Pretty much everything you stated has an on/off feature.  With facebook, when you first launch facebook it will ask if you want it to sync with your contacts, then it will also ask if you want to add people who aren't already in your contacts (yes for the first, no for the second).

I can understand what you are saying about Google, there is quite a lot of info that is stored on their servers.  I have the option to sync with Google calendar, Gmail, and other Google apps.  I can select it to only sync my personal calendar and not my work calendars, I just have to say again I really love that feature.  Sure some may not want Google to know everything about them and their schedules, but for me it's just personal stuff, and I really love being able to make a change on my phone and have it automatically sync with the online calendars.  There have been many times where I make a change on my iPhone, but because I haven't synced it when I look at Outlook on my PC I still think I am free that day.
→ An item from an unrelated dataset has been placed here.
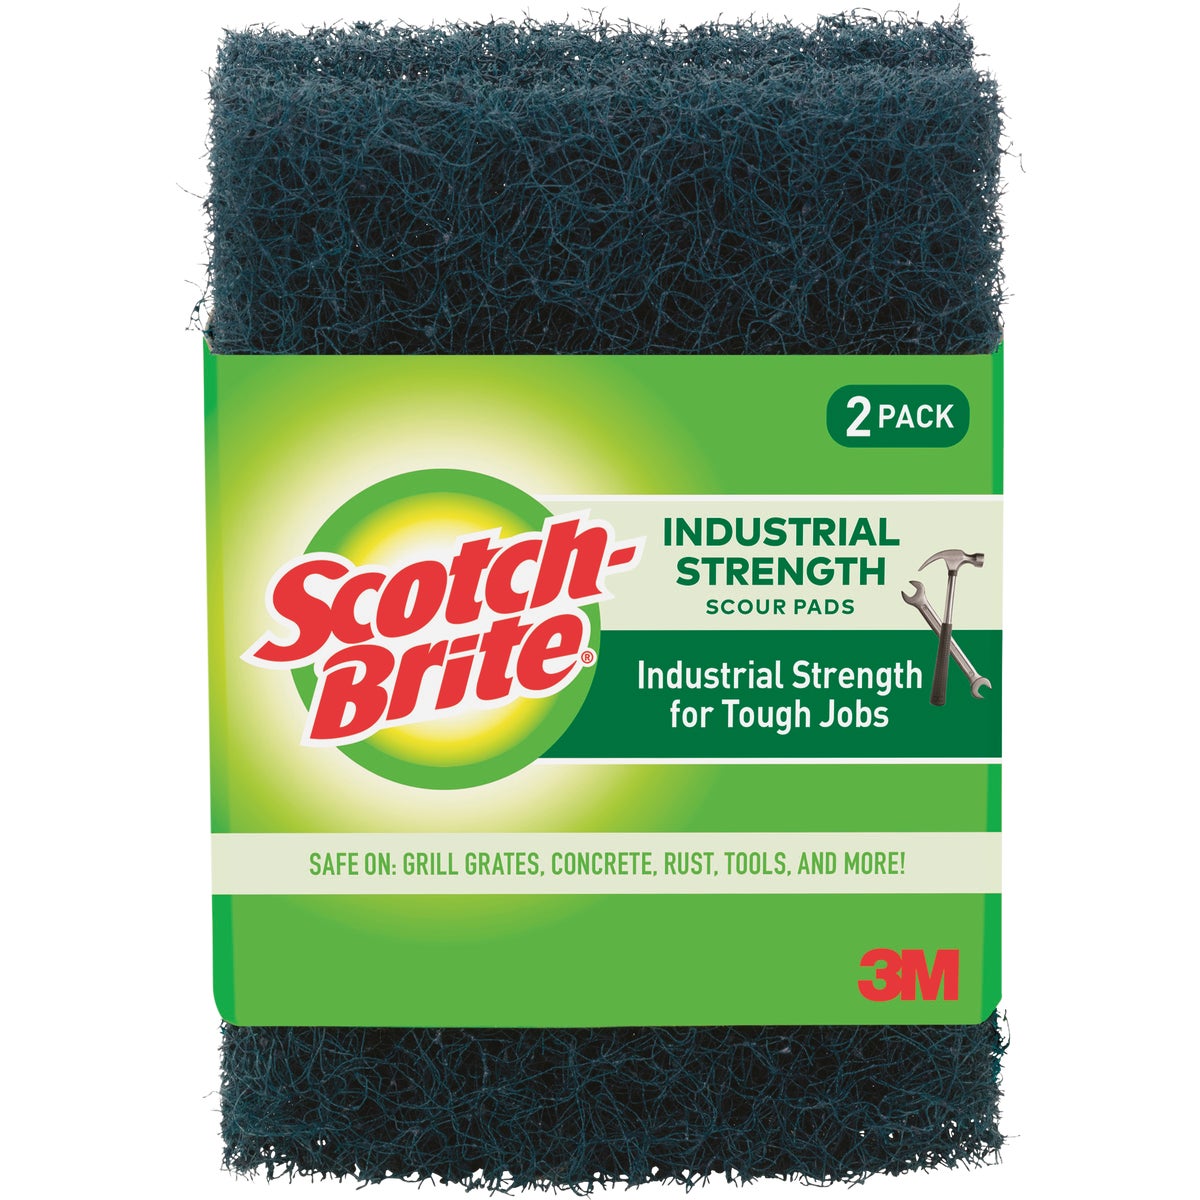 Scotch-Brite Industrial Strength Scouring Pad (2-Count)

I don't see how a phone carrier is really involved here though, it's just a data connection between the apps on your phone and Google's servers, it's just like saying that Microsoft is a third party on PC's.


----------



## tlarkin (Apr 21, 2010)

You know enough about networking to know what I am talking about.  The provider can view everything that goes on their network, and now it is tied into google.

I know I am stretching the paranoia here, but I mean it doesn't sit right with me.  I am just waiting for the super huge class action lawsuit to hit, that forces legislators to either endorse or deny our rights to privacy, and I think the latter will be the case considering they passed the Patriot Act in this country no problem.

What I like about the services for the iPhone is that you can anonymize your sync'd data by just subscribing to an aggregated hyper link over a third party service.  So basically, since everything is hashed out to random numbers, you'd have to send an invite to someone to subscribe to your calendar.  

I get cloud computing, but there is a lack of being able to control your services.  When you do it yourself and in house, the total cost of ownership goes up because you own it, you are responsible for it.  When you use third party the total cost of ownership goes down because you don't own it, but that also means you can no say in how it's done.

Facebook options suck, and when you are first signing up you don't, or at least I did not get those options.  I got a check box that said do you want to search for people in your gmail contacts, yes or no?  That is all it said. I skimmed through the privacy statement and EULA, and no where did it say it gives FB the right to use your contacts, nor was that ever mentioned.  

Eric Schmidt from google is starting to make me feel at a bit unease too with all the shit he is saying in interviews and in TV, and he always uses the Patriot Act as the catalyst and justification for his actions, yet I somehow feel he is using that as an excuse to do something else.


----------



## speedyink (Apr 21, 2010)

tlarkin said:


> I was looking for specific things each phone can and cannot do.  And as far as themes goes, I have several themes for my iPhone.  I mean a simple GIS will display to you all the themes out there
> 
> http://www.google.com/images?client...esult_group&ct=title&resnum=4&ved=0CCwQsAQwAw



That's like saying the xbox can play backup games because you can soft mod it.  You have to hack the iphone to do it, which is A) a pain in the ass and B) Makes your phone less stable.


----------



## tlarkin (Apr 21, 2010)

speedyink said:


> That's like saying the xbox can play backup games because you can soft mod it.  You have to hack the iphone to do it, which is A) a pain in the ass and B) Makes your phone less stable.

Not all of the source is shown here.